How to include a new emulator

In this tutorial, we describe how to include a new emulator to the surmise’s framework. We illustrate this with PCGP–an emulator method located in the directory \emulationmethods.

In surmise, all emulator methods inherit from the base class surmise.emulation.emulator. An emulator class calls the user input method, and fits the corresponding emulator. surmise.emulation.emulator.fit() and surmise.emulation.emulator.predict() are the main surmise.emulation.emulator class methods. It also provides the functionality of updating and manipulating the fitted emulator by surmise.emulation.emulator.supplement(), surmise.emulation.emulator.update(), and surmise.emulation.emulator.remove() class methods.
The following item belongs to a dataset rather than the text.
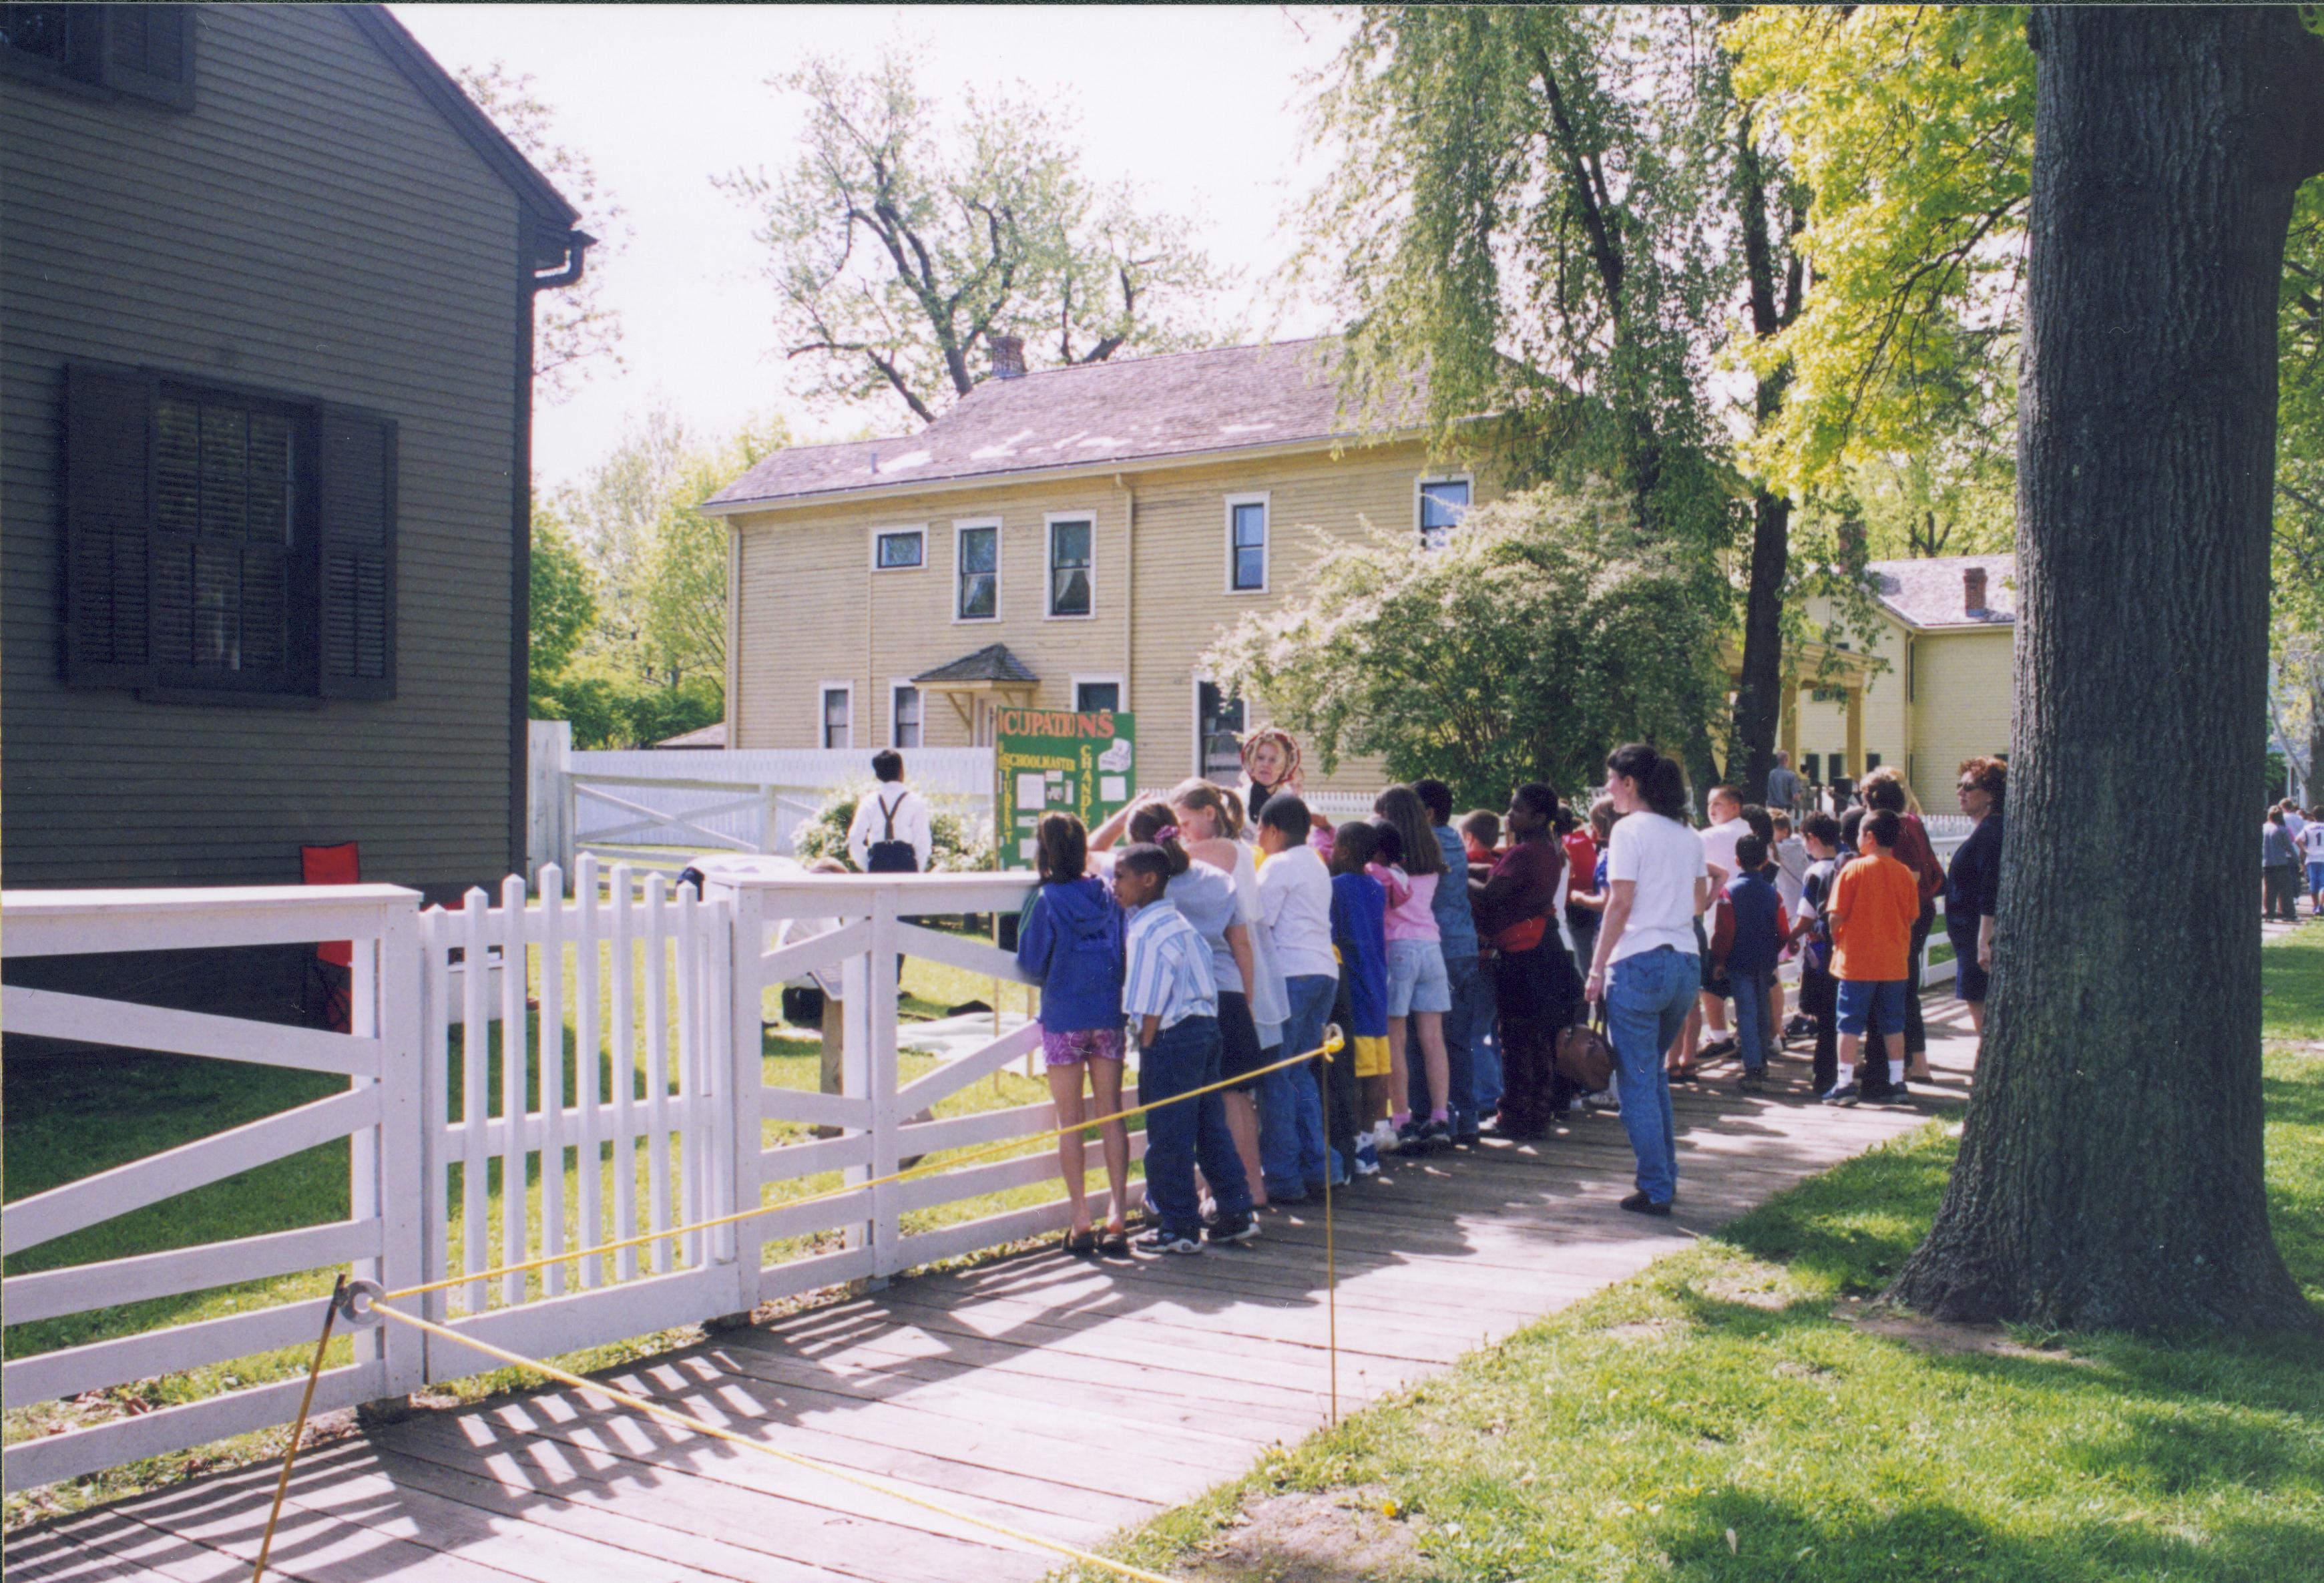 Dubois School Living History program - students portray different occupations from the 19th century in Arnold house yard while a school group and parents watch.  Arnold House on left. Cook and Robinson Houses in background center and right. Looking Southeast from 8th and Jackson Street intersection Dubois School, living history, Arnold, Cook, Robinson, students, school groups,

In order to use the functionality of the base class surmise.emulation.emulator, we categorize the functions to be included into a new emulation method (for example PCGP) into two categories.

Mandatory functions

fit() and predict() are the two obligatory functions for an emulation method. fit() takes the inputs \(\mathbf{X}\), parameters \(\theta\), and the function evaluations \(\mathbf{f}\), where \(\mathbf{X}\in\mathbb{R}^{N\times p}\), \(\theta\in\mathbb{R}^{M\times d}\), and \(\mathbf{f}\in\mathbb{R}^{N\times M}\). In other words, each column in \(\mathbf{f}\) should correspond to a row in \(\theta\). Each row in \(\mathbf{f}\) should correspond to a row in \(\mathbf{X}\). In addition, the dictionary fitinfo is passed to the fit() function to place the fitting information once complete. This dictionary is used keep the information that will be used by predict() below.

The PCGP.fit() is given below for an illustration:

PCGP.fit(fitinfo, x, theta, f, epsilon=0.1, **kwargs)[source]

The purpose of fit is to take information and plug all of our fit information into fitinfo, which is a python dictionary.

Note

This is an application of the method proposed by Higdon et al., 2008. The idea is to use PCA to project the original simulator outputs onto a lower-dimensional space spanned by an orthogonal basis. The main steps are

    1. Standardize f

    1. Compute the SVD of f, and get the PCs

  • 3. Project the original centred data into the orthonormal space to obtain the matrix of coefficients (say we use r PCs)

    1. Then, build r separate and independent GPs from the input space

Parameters:
  • fitinfo (dict) – A dictionary including the emulation fitting information once complete. The dictionary is passed by reference, so it returns None.

  • x (numpy.ndarray) – An array of inputs. Each row should correspond to a row in f.

  • theta (numpy.ndarray) – An array of parameters. Each row should correspond to a column in f.

  • f (numpy.ndarray) – An array of responses. Each column in f should correspond to a row in theta. Each row in f should correspond to a row in x.

  • args (dict, optional) – A dictionary containing options. The default is None.

Return type:

None.

Once the base class surmise.emulation.emulator is initialized, surmise.emulation.emulator.fit() method calls the developer’s emulator’s fit() function, and places all information into the dictionary fitinfo.

PCGP.predict(predinfo, fitinfo, x, theta, computecov=True, **kwargs)[source]
Parameters:
  • predinfo (dict) –

    An arbitary dictionary where you should place all of your prediction information once complete.

    • predinfo[‘mean’] : mean prediction.

    • predinfo[‘cov’] : variance of the prediction.

  • x (numpy.ndarray) – An array of inputs. Each row should correspond to a row in f.

  • theta (numpy.ndarray) – An array of parameters. Each row should correspond to a column in f.

  • f (numpy.ndarray) – An array of responses. Each column in f should correspond to a row in x. Each row in f should correspond to a row in x.

  • args (dict, optional) – A dictionary containing options. The default is None.

Return type:

Prediction mean and variance at theta and x given the dictionary fitinfo.

surmise.emulation.emulator.predict() method returns a prediction class object, which has methods surmise.emulation.prediction.mean(), surmise.emulation.prediction.mean_gradtheta(), surmise.emulation.prediction.var(), surmise.emulation.prediction.covx(), surmise.emulation.prediction.covxhalf(), surmise.emulation.prediction.covxhalf_gradtheta(), surmise.emulation.prediction.rnd(), and surmise.emulation.prediction.lpdf().

Those expressions are defined within the base class to simplify the usage of the fitted models. In order to use those methods, the emulation method developers should either include functions predictmean(), predictmean_gradtheta(), predictvar(), predictcovx(), predictcovxhalf(), predictcovxhalf_gradtheta(), predictrnd(), and predictlpdf() into their methods, or define within the dictionary fitinfo using the keys mean, mean_gradtheta, var, covx, covxhalf, covxhalf_gradtheta, rnd, and lpdf.

Optional functions

supplementtheta() is an optional function for an emulation method.